Apical four chamber view of 2D Echo revealing bowing of the inter-ventricular septum and right-sided enlargement (RV/LV > 1) suggestive of massive pulmonary embolism.

Fig. 4

Venous Doppler showing lack of compressibility of the left femoral vein (white arrow) suggestive of the presence of deep vein thrombosis.

Thrombolytic therapy was administered with improvement in hemodynamic status over the next 24 h. Repeat 2D echocardiogram showed resolution of right ventricular overload. The patient was advised to continue lifelong anticoagulation therapy.

Discussion

The common pulmonary manifestations of KTWS include thromboembolic phenomena, pulmonary venous varicosities, pulmonary lymphatic obstruction and cavernous hemangiomas of the pleura [1], [4]. The etiology and pathogenesis of capillary malformation are yet to be fully elucidated; however, several mechanisms have been proposed, including vascular ectasia, lack of neuronal control of blood flow, as well as involvement of a vascular endothelial growth factor and its receptor [2].

Vascular malformations of capillaries, arteries and veins associated with this syndrome are present at birth and do not regress, but actually become more prominent with time [3]. Patients with this condition have gross hypertrophy and overgrowth of soft tissues and bones of the affected limb. The affected skin is thickened, nodular, consistent with a cobblestone appearance, and prone to develop ulcers. The lower limb is affected significantly more often (95%) than the upper limb (5%) or both limbs (15%) and the majority of the cases have a unilateral involvement [5].

For an improved cosmetic appearance, treatment of capillary malformation includes pulsed dye laser therapy [2]. The marked hypertrophy and length discrepancy of the affected limbs necessitate orthopedic intervention when feasible. Patients with KTWS are at risk of developing high output cardiac failure. Increased propensity for thrombosis and emboli make lifelong anticoagulation therapy a necessity [2], [6].

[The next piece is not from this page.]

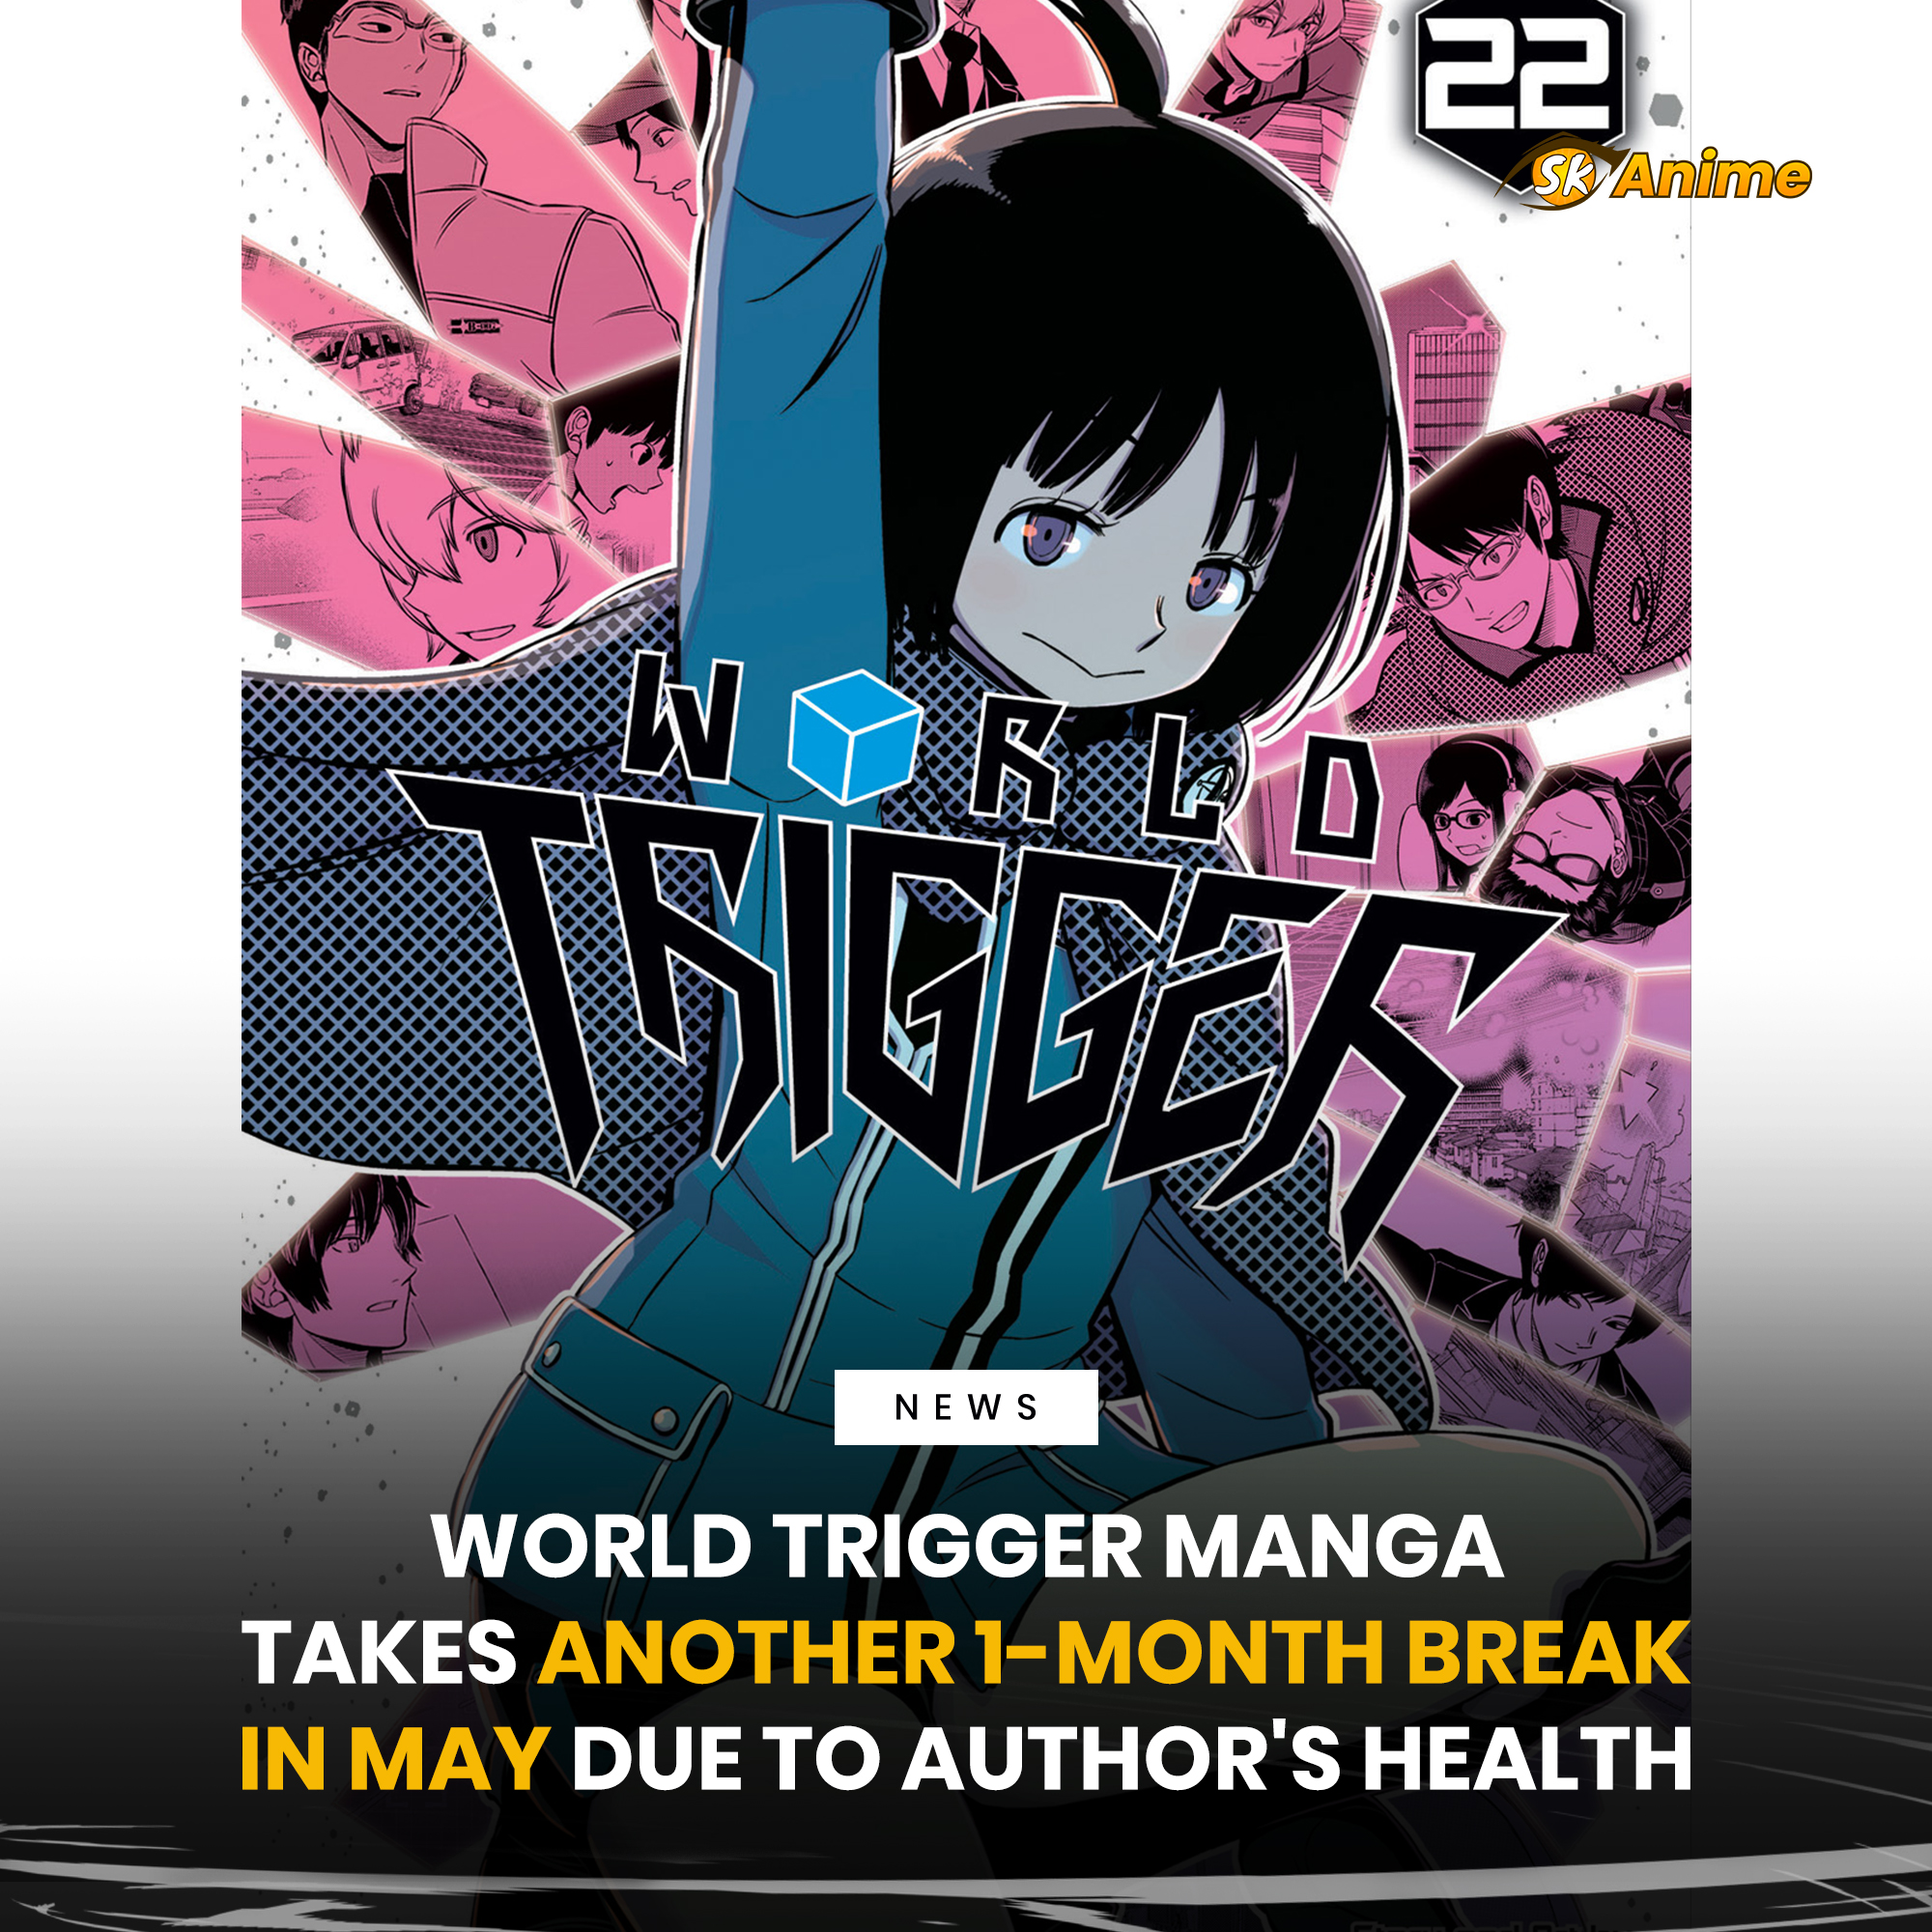 World Trigger tạm ngừng hoạt động do các vấn đề về sức khỏe của chính tác  giả - Kodoani - Kênh thông tin anime - manga - game văn hóa Nhật Bản

Missed diagnosis of these KTWS associated thrombotic and cardiac complications can potentially be life threatening. Due to the rarity of this disease, there are no recommended guidelines for the management of thromboembolic phenomena. However, aggressive therapeutic anticoagulation and an early placement of IVC filter have been suggested [1], [2].

Conclusion

Klippel–Trenaunay–Weber syndrome is a rare congenital condition and associated complications can at times be difficult to manage. The management and prophylaxis for the recurrence of pulmonary embolism and other thromboembolic events are the areas that need special attention.